◆ **PROBLEM STATEMENT**
Of the lines in the data below, write out exactly those from the one holding "Multicolored Vector Gradients Pack" through the one holding "Football - Nationwide", both included.

[DATA — start]

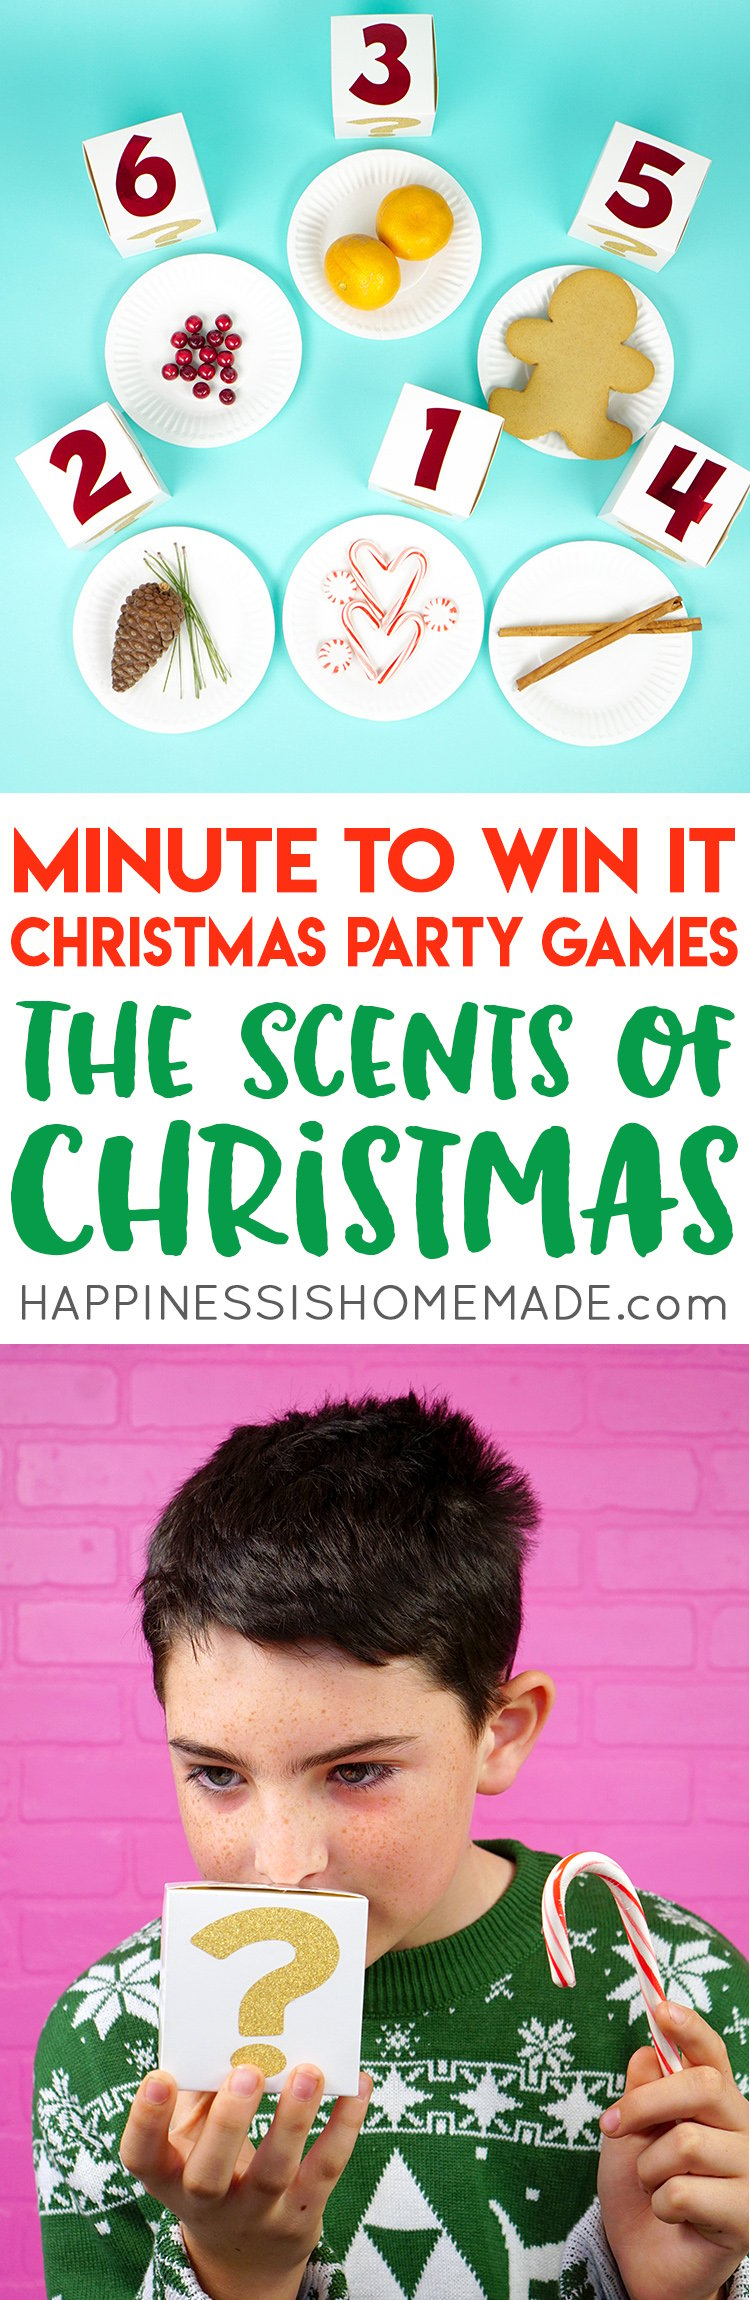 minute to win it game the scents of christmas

[DATA — finish]
[DATA — start]

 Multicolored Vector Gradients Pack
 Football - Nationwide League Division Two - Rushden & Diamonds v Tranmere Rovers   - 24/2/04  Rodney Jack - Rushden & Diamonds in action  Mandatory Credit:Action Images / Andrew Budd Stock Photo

[DATA — finish]
[DATA — start]

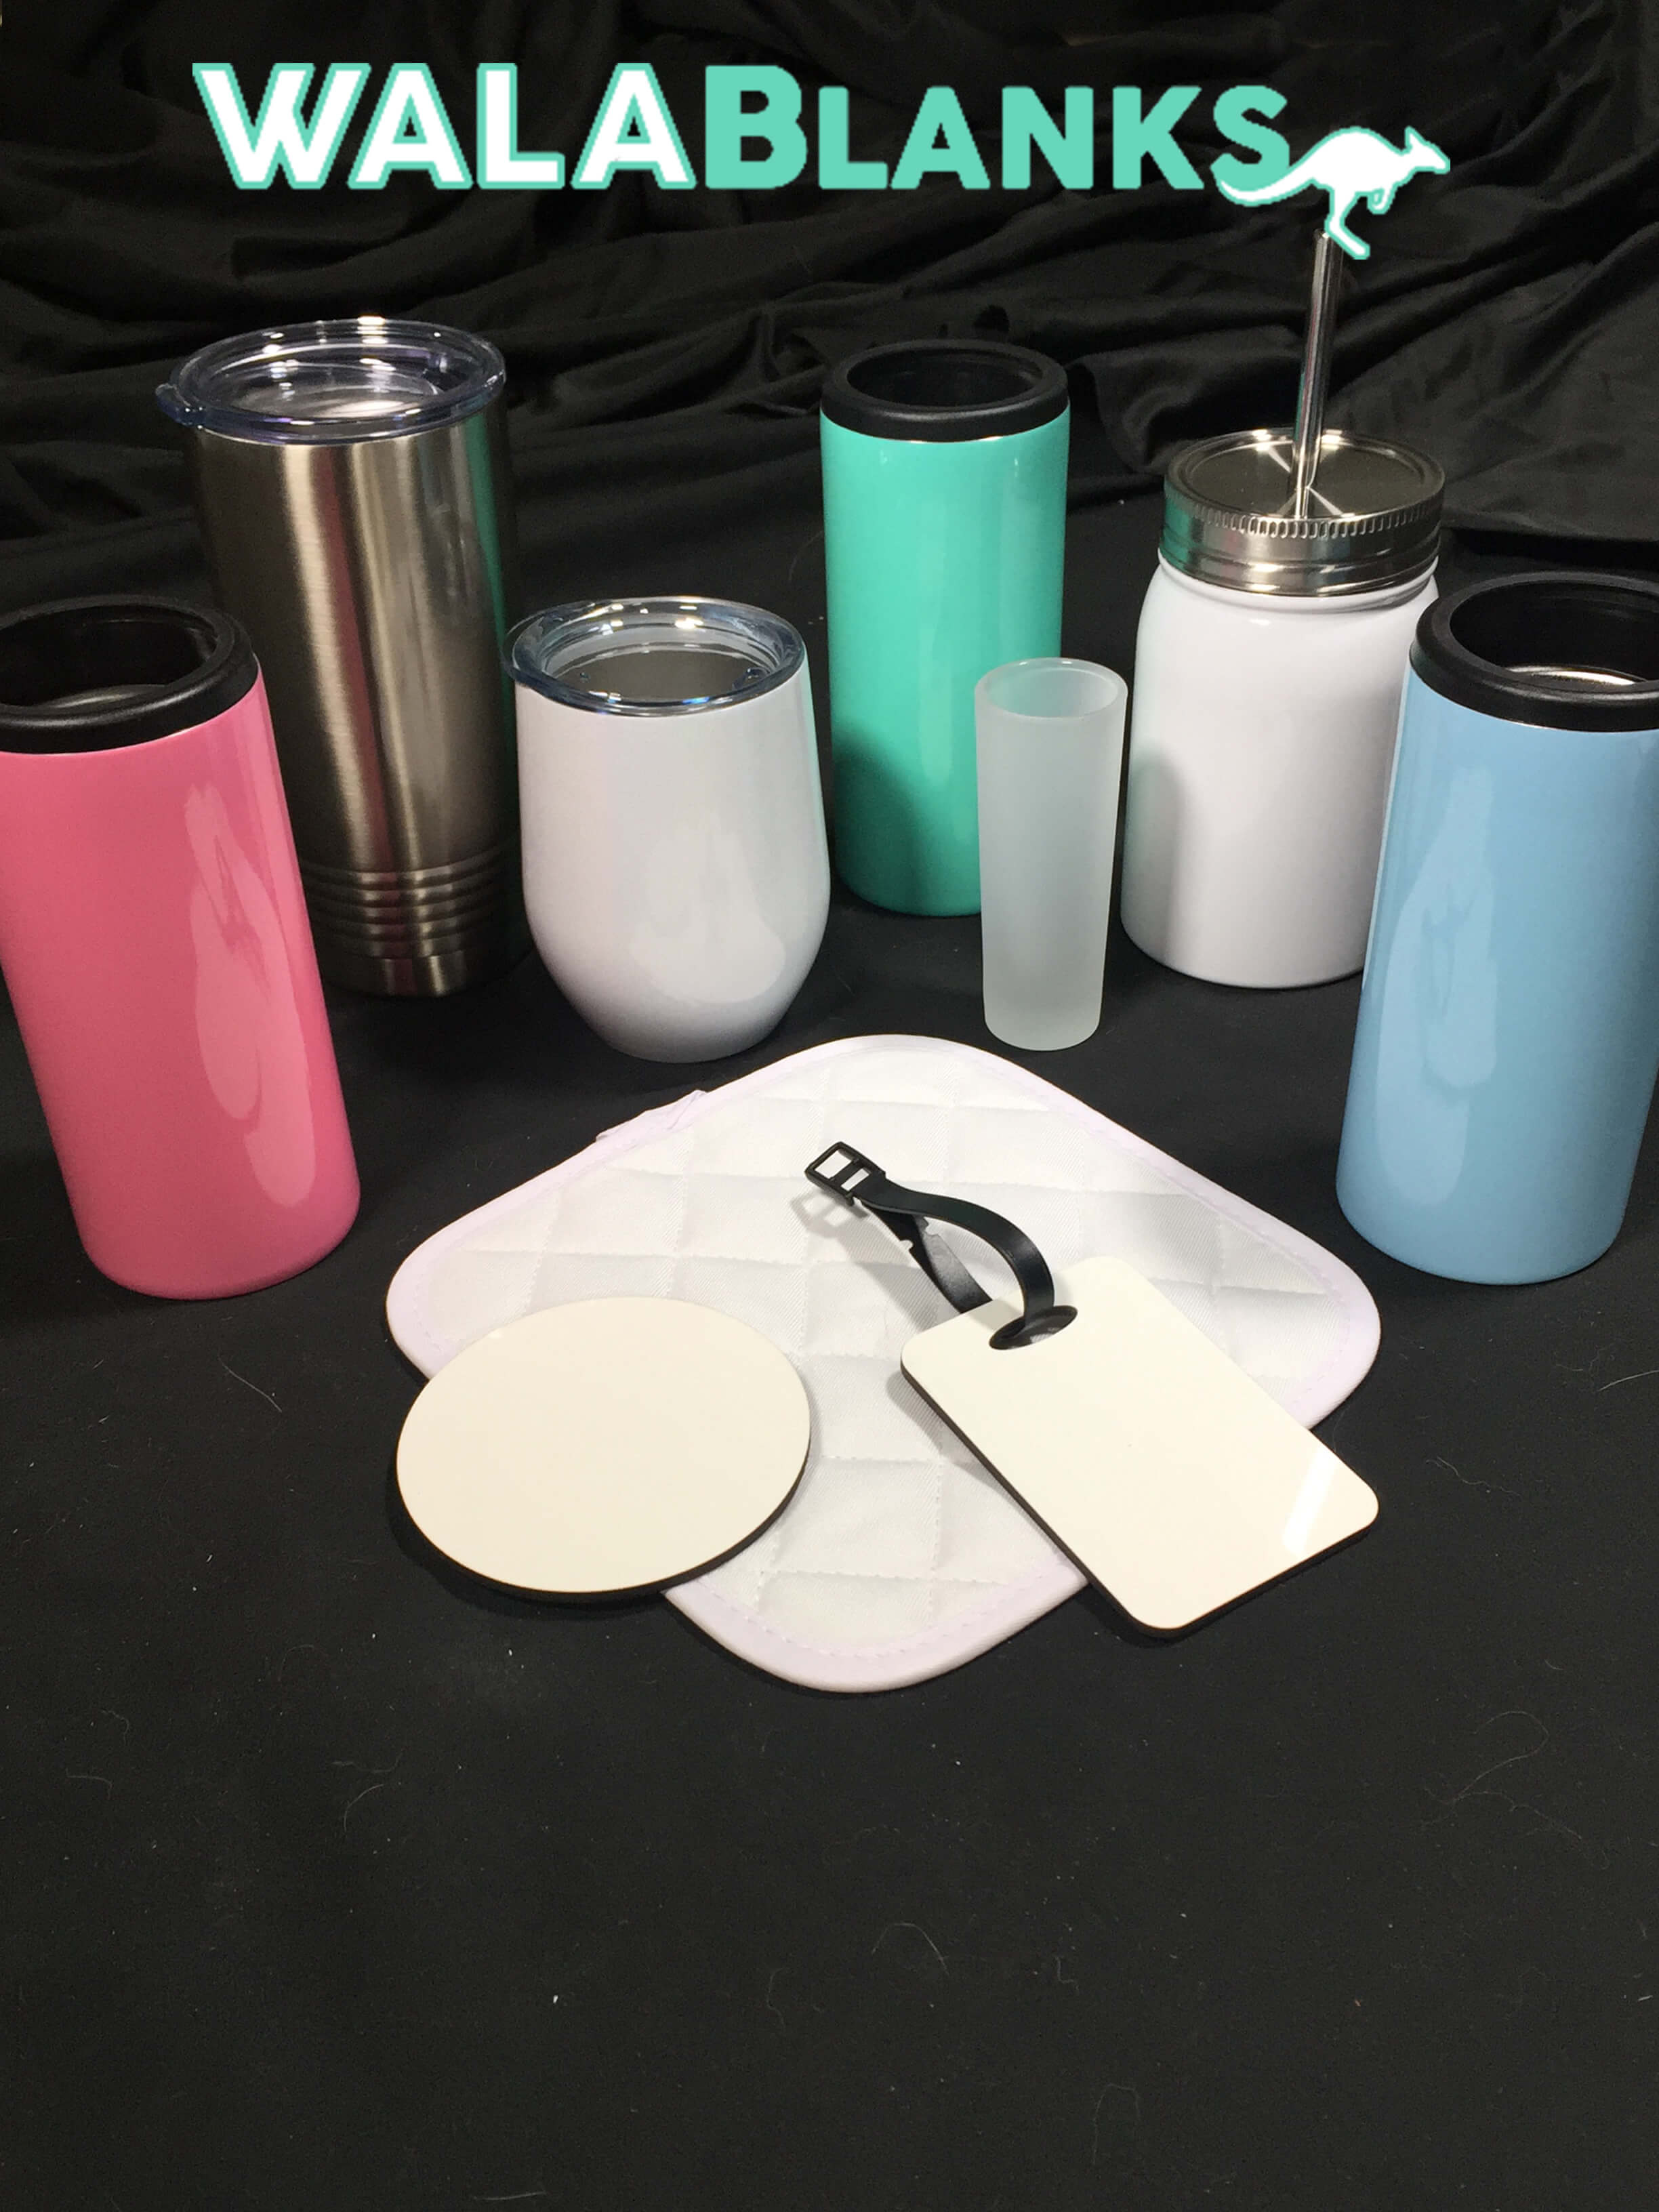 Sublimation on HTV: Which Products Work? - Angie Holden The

[DATA — finish]

◆ **TASK OUTPUT**
 Multicolored Vector Gradients Pack
 Football - Nationwide League Division Two - Rushden & Diamonds v Tranmere Rovers   - 24/2/04  Rodney Jack - Rushden & Diamonds in action  Mandatory Credit:Action Images / Andrew Budd Stock Photo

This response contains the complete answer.